Great-grandson Harold Vanorsdale resided with his parents in 1958.
Great-grandson Charles E. Vanorsdale dwelled in Baltimore, MD in 1958.
Grandson Wendel Vanorsdale made his home in 1958 in Connellsville.
Grandson Paul Vanorsdale lived in Connellsville in 1958.
Son Marcellus Flanagan (1851-1927) -- also spelled "Flannigan" and "Flanigan" -- was born on Jan. 3, 1851 in Henry Clay Township. Unmarried at the age of 18, in 1870, he lived on his widowed father's farm in Henry Clay Township. He later was married but later divorced. Marcellus obtained work as a railroad laborer. In about 1871, feeling the need for a change, Marcellus migrated westward to Iowa, putting down roots near Manila in Nishnabotny Township, Crawford County. When the federal census was taken in 1910, the 59-year-old Marcellus boarded in the home of Shelby and Della Londenstricker in Nishnabotny. He migrated again and was in Nebraska circa 1913 but relocated back to Manila. Between 1871 and 1916, he only returned home to Somerset County three times, including trips in 1909 and then at Christmas 1916 to spend with his nephew William A. Burnworth, with the news reported in the Meyersdale Republican. He returned to Confluence for a two months' visit in February 1919 and then again in December 1920 and stayed for several weeks. The 1919 and 1920 visits were fodder for the gossip columns of the Connellsville Daily Courier. When an atlas of Nishabotny Township was published in 1920, Marcellus does not appear as a landowner. At the death of his sister Annabel Burnworth in September 1926, he was named in the Republican obituary. He died at the age of 75 in Nishnabotny on Feb. 2, 1927.

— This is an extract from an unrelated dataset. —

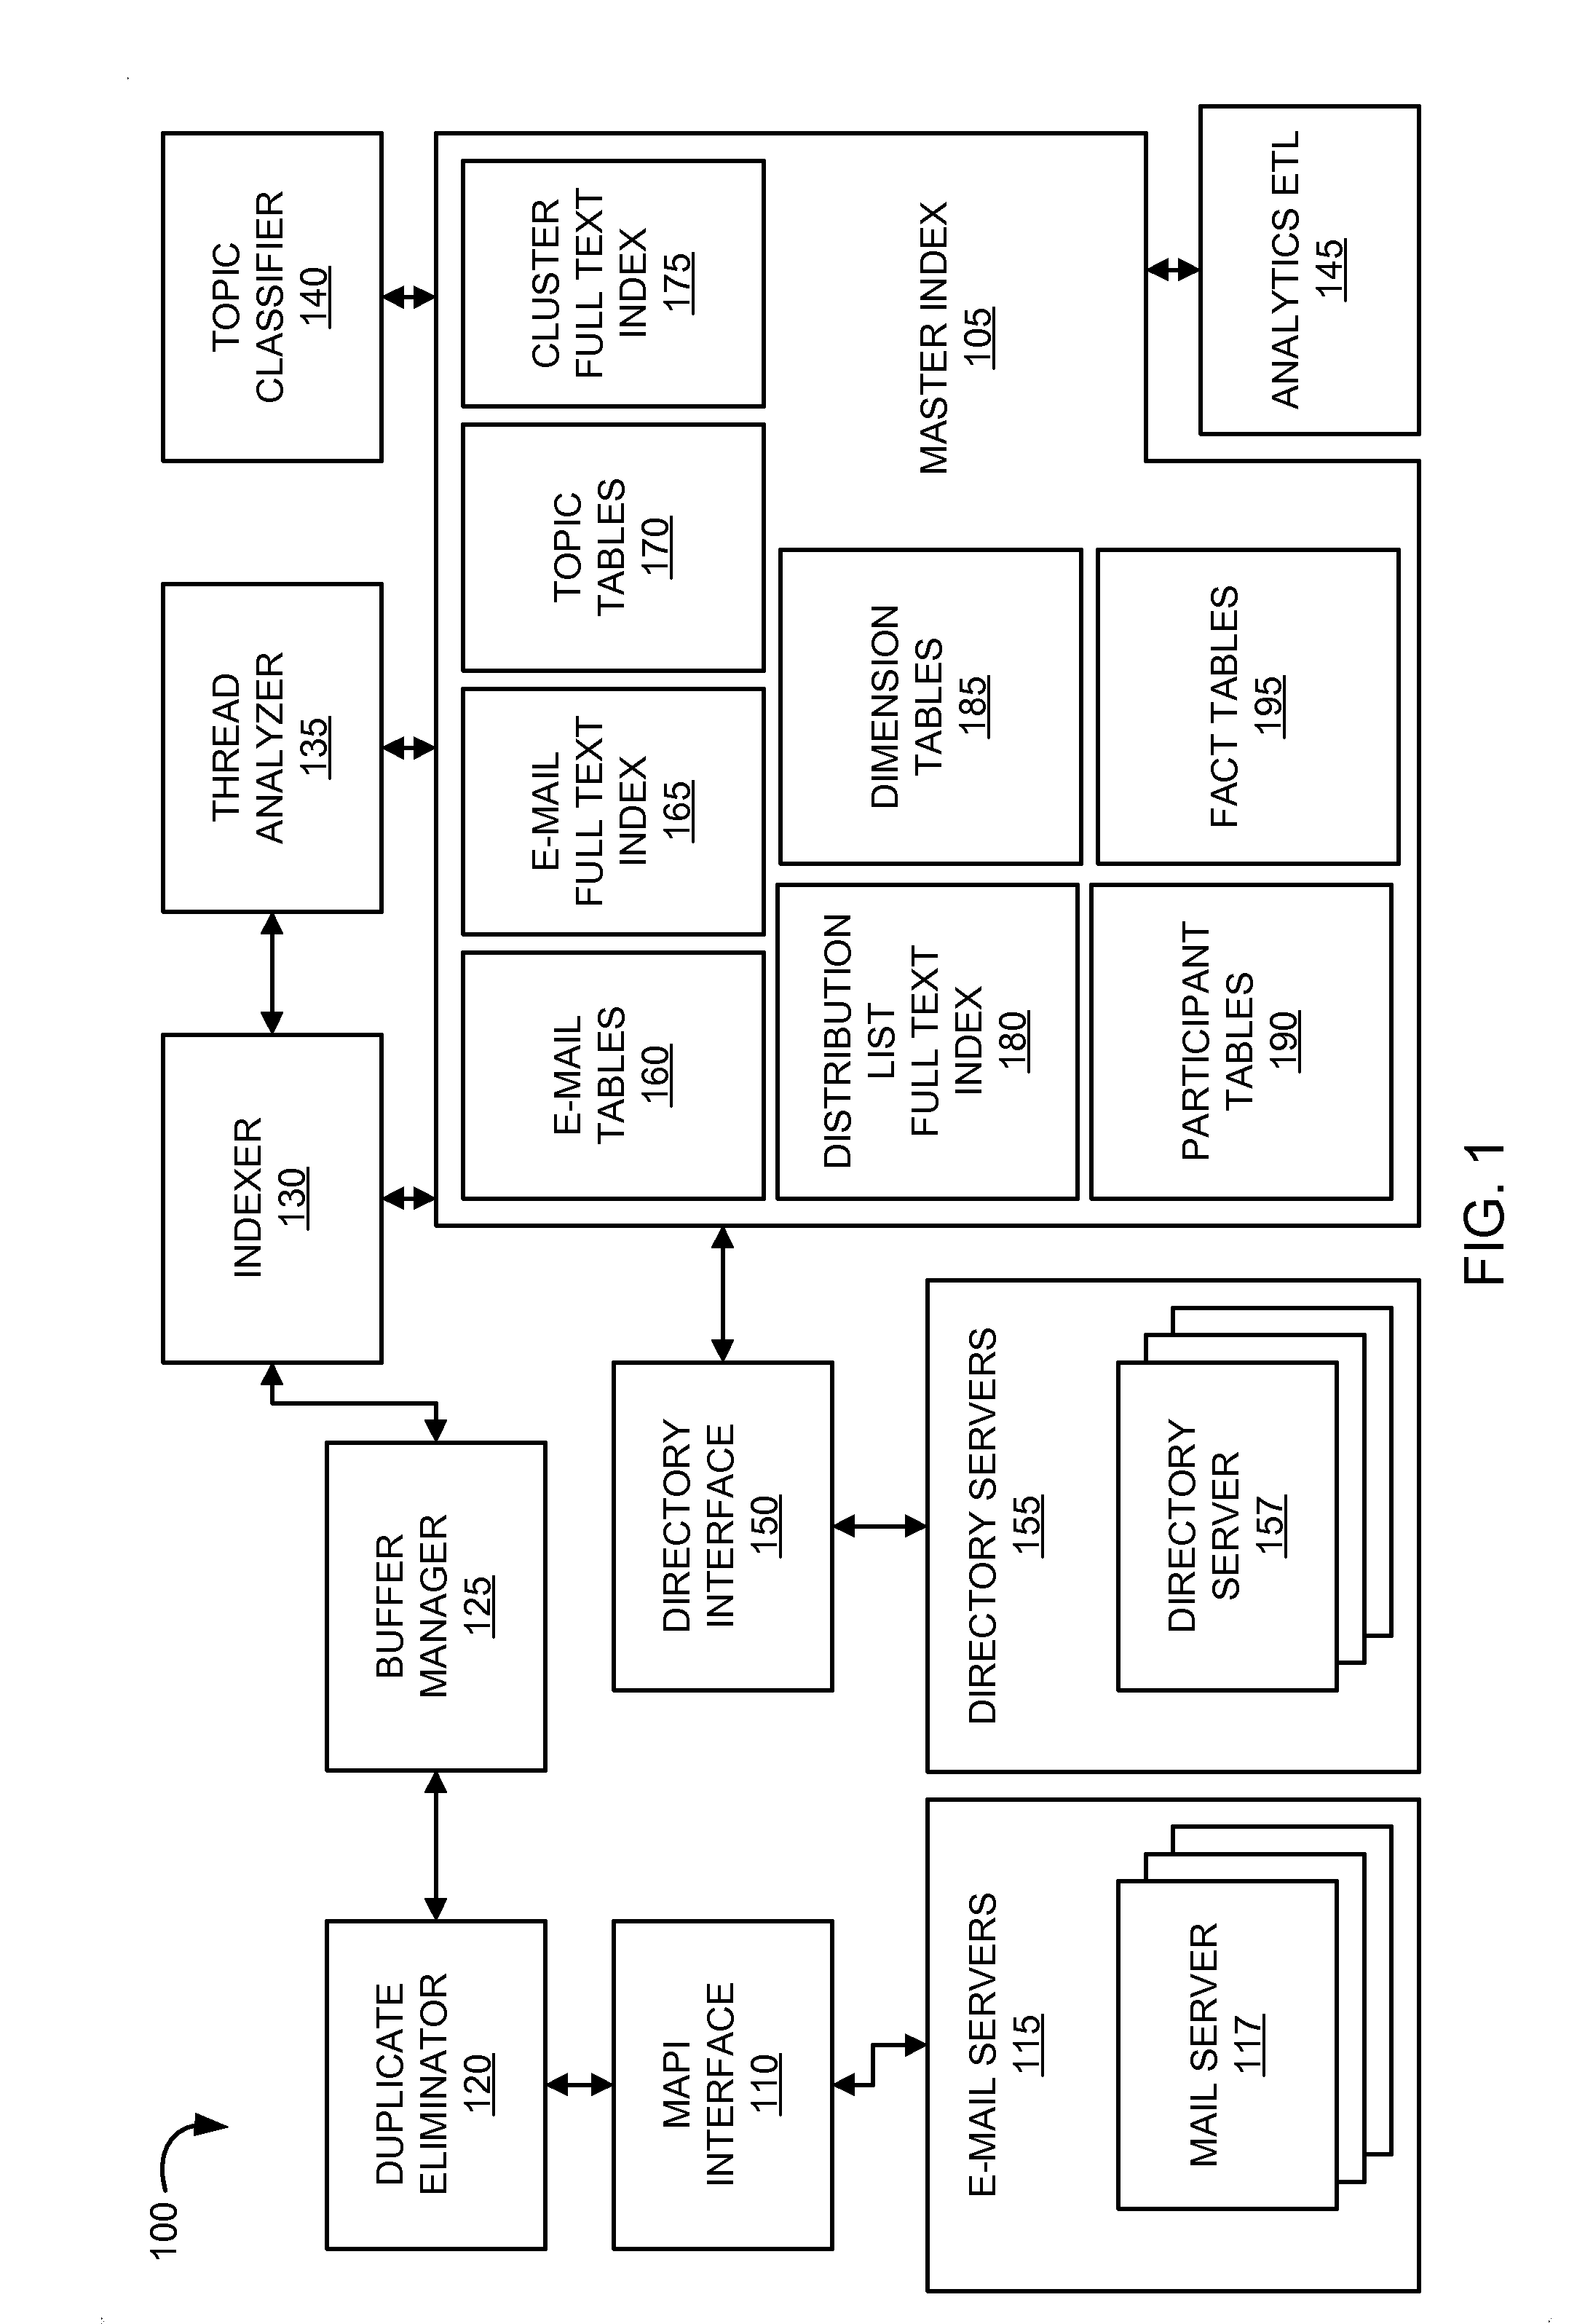 Methods and systems of electronic message threading and ranking

Son Howard Flanigan (1852-1918?) -- also alternatively spelled over the years "Flannigan" and "Flanagan" -- was born on Jan. 13, 1852 (or 1855 or 1857) in Henry Clay Township. He relocated to Iowa by 1880, establishing a new life and home near Albia, Monroe County. On Oct. 31, 1881, in a ceremony held in Monroe County, the 29-year-old Howard married 23-year-old Martha A. Evans (1858-1895), the daughter of Thomas J. and Martha (Hughes) Evans. The couple went on to produce two children -- Grace Barnett and Irvin T. Flanagan. After 14 years of marriage, heartache enveloped the family when Martha died on Jan. 21, 1895, at the age of 37, and was laid to rest in Oakview Cemetery in Albia. Howard survived his wife by some 23 years. His and the children's home in 1900, as shown in the United States Census, was on a farm in Guilford Township, Monroe County, IA, southeast of the county seat of Albia. He was named in the obituary of his sister Missouri McNear in 1913 and was reported as living in Albia. Howard's world came crashing down in March 1903 when his 18-year-old daughter accused him of incest. The Ottumwa (IA) Daily Courier reported that she alleged that her father "has borne illicit relations with her for some time, but through fear it is stated that she has been compelled to keep silent." He was arrested and indicted by a grand jury and jailed in Monroe County. "News of criminal accusations came to the many friends of Mr. Flanagan with a great shock," said the Daily Courier, "as he has always been highly steemed by all who knew him." Another of the newspapers reporting the story was the Davenport Daily Leader. The outcome of the trial is unknown. In the late 1910s, he lived alone in Albia and was considered "one of Albia's oldest residents." At the age of about 66, on Jan. 22, 1918, Howard died in his sleep from heart problems. Funeral services were held in the local United Presbyterian Church, officiated by Rev. C.C. Crawford of the Christian Church. An obituary was printed in the Ottumwa (IA) Semi-Weekly Courier. [Find-a-Grave]
Great-grandson Charles Barnett (1914- ? ) was born in about 1914.
Great-grandson Edward H. Barnett (1915- ? ) was born in about 1915.
Great-grandson Byron Cecil Barnett (1916- ? ) was born in about 1916.
Great-grandson Francis L. Barnett (1917- ? ) was born in about 1917.
Great-granddaughter Nellie M. Barnett (1918- ? ) was born in about 1918.
Great-grandson William Barnett (1923- ? ) was born in about 1923.
Great-grandson Robert Irvin Flanigan (1914-1984) was born on Nov. 12, 1914. He served as a major in the U.S. Army during World War II, including service in the Army Air Corps. He was wedded to Dorothy Love (March 31, 1921-1990).